Cela est-il si difficile à comprendre ? Est-ce une sottise, camarade Lénine, quand je vous crie : ce n’est pas nous qui avons besoin pour l’instant de l’Internationale, mais c’est la III° Internationale qui a besoin de nous ?

II

Lénine est aujourd’hui d’avis que c’est une sottise. Dans son écrit : la Maladie infantile du communisme (le "gauchisme"), qu’il vient de lancer contre le prolétariat révolutionnaire, Lénine considère que la III° Internationale doit s’en tenir au statut du Parti communiste de Russie (bolchevik) et que le prolétariat révolutionnaire de tous les pays doit être soumis à l’autorité de la "III° Internationale" et donc à la tactique des bolchéviks. Il faudrait que les bolchéviks déterminent les armes que le prolétariat combattant du reste du monde devrait utiliser. Et les seuls prolétaires obéissant sans réserve seraient choisis pour appartenir à l’association mondiale. Dans les principes du II° Congrès de la III° Internationale, Lénine a formulé cela de manière encore plus nette : il a non seulement donné des directives générales, mais tous les détails de la tactique, de l’organisation, et il a même prescrit le nom que les partis devraient porter dans tous les pays. Et le comble :

"Toutes les décisions des congrès de l’Internationale communiste, de même que celles du Comité exécutif, sont obligatoires pour tous les partis affiliés à l’Internationale communiste."
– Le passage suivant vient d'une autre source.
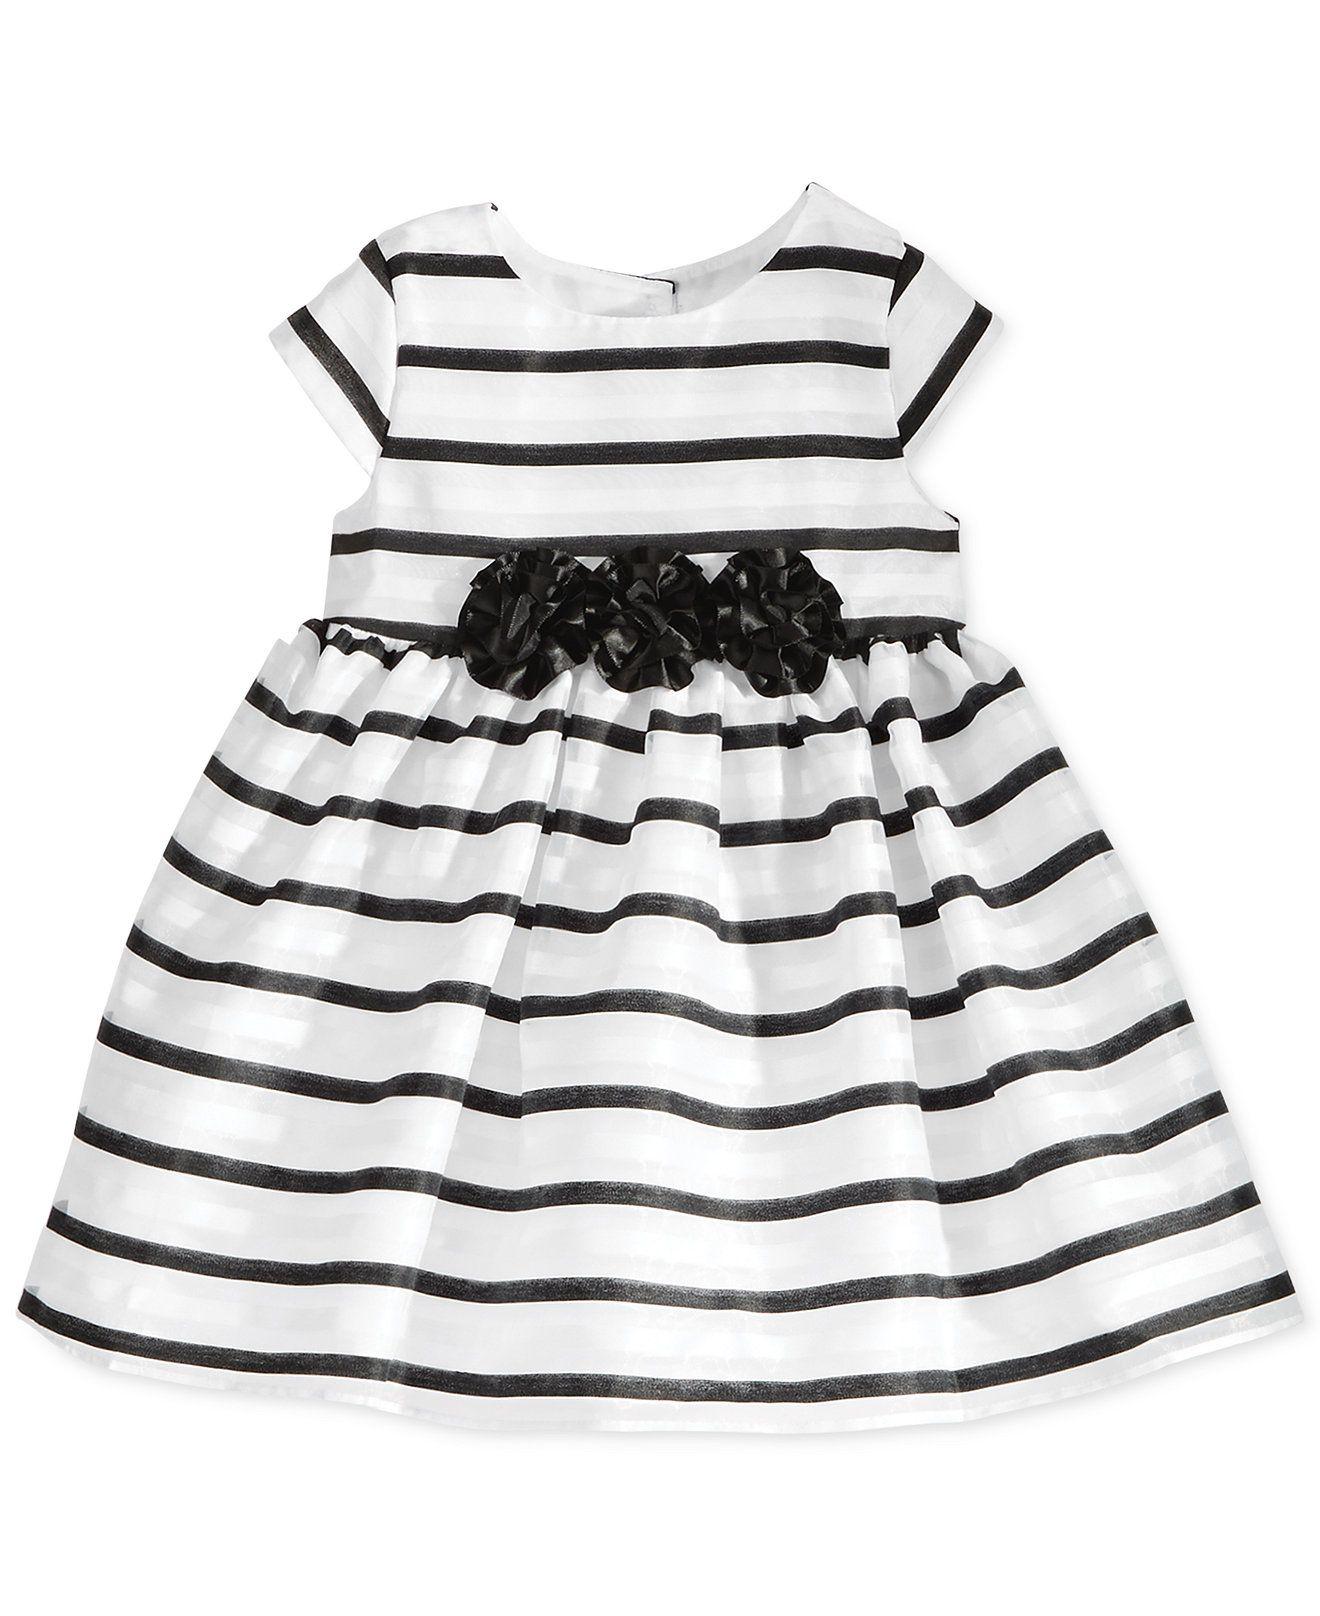 Marmellata Baby Girls Black & White Strip Dress Kids & Baby

Même si c’est une méthode, c’est néanmoins de la folie ! Dans un pays aussi petit que l’Allemagne, nous avons fait l’expérience de manière répétée, en dernier lieu en mars 1920, qu’une tactique, qui se traduisait par des victoires par exemple dans la Ruhr, était impossible dans d’autres régions ; que la grève générale des ouvriers industriels en Allemagne moyenne a été une plaisanterie pour le Vogtland où, depuis novembre 1918, le prolétariat est réduit au chômage. Et Moscou devrait être le grand quartier-général pour nous et pour tous les pays ?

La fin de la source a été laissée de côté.